Exploration Geophysics 41(4) 260-267 https://doi.org/10.1071/EG09028
Submitted: 10 June 2009  Accepted: 27 October 2010   Published: 15 December 2010

Abstract

Visual interactive ray trace (VIRT) inversion is a manual approach to refraction tomography. VIRT tomograms neither detect nor define a major 50 m wide zone with a low seismic velocity at Mt Bulga. This failure is attributed to the probable use of a low resolution starting model, specifically the smooth velocity gradient wavepath eikonal traveltime (WET) tomogram, for the VIRT inversion. In this case, the low resolution of the VIRT tomogram is another demonstration of the ubiquity of non-uniqueness.

Alternatively, the conventional reciprocal method has been used to generate a starting model, in which the existence of the low velocity region is unequivocal. In this case, confirmation bias has been employed to remove any expression of the low velocity region in the VIRT tomogram.
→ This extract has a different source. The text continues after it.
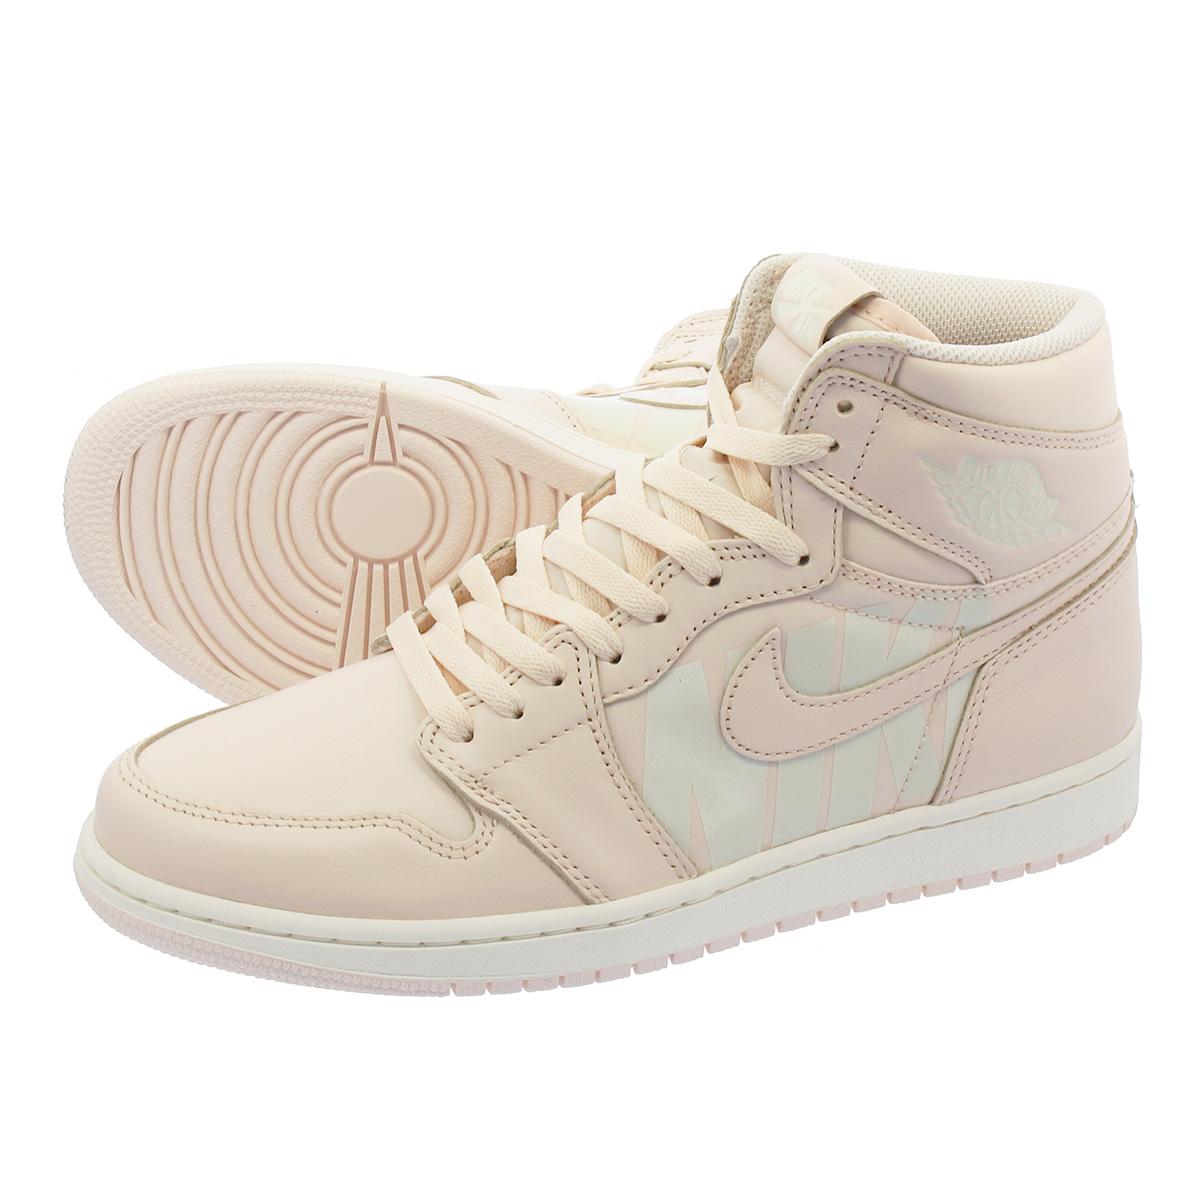 factory price cd246 96817 NIKE AIR JORDAN 1 RETRO HIGH OG Nike Air Jordan 1 nostalgic high OG GUAVA  ICE SAIL 555,088-801

By contrast, WET refraction tomograms produced with smooth and detailed starting models generated with the generalised reciprocal method (GRM) clearly define the 50 m wide zone with the low seismic velocities. The low velocity zone is confirmed with a priori information, specifically the inverted head wave amplitudes and a spectral analysis of the refraction convolution section, and by a posteriori information, specifically numerous closely spaced orthogonal refraction profiles. Furthermore, the GRM tomograms have smaller misfit errors than the tomograms obtained with VIRT tomography and with WET tomograms generated with VIRT starting models.

VIRT tomography generates complex velocity models of the weathering from relatively small numbers of traveltimes, indicating that VIRT is overfitting the data. The extensive use of vertical interfaces across which there are large contrasts in seismic velocities is not consistent with standard models of normal weathering profiles, nor is it indicated in the traveltime graphs. By contrast, VIRT generates simple velocity models in the sub-weathering from many traveltimes, indicating that VIRT is underfitting those traveltimes.

VIRT neither improves the accuracy nor the geological verisimilitude of refraction tomography. Furthermore, VIRT is time consuming, subjective, and in the final analysis, simply outdated. Although technically, VIRT is efficacious, the alternatives of automatic refraction tomography are more practical, more accurate, and generate more useful tomograms.

Key words: GRM, inversion, non-uniqueness, refraction, tomography, VIRT.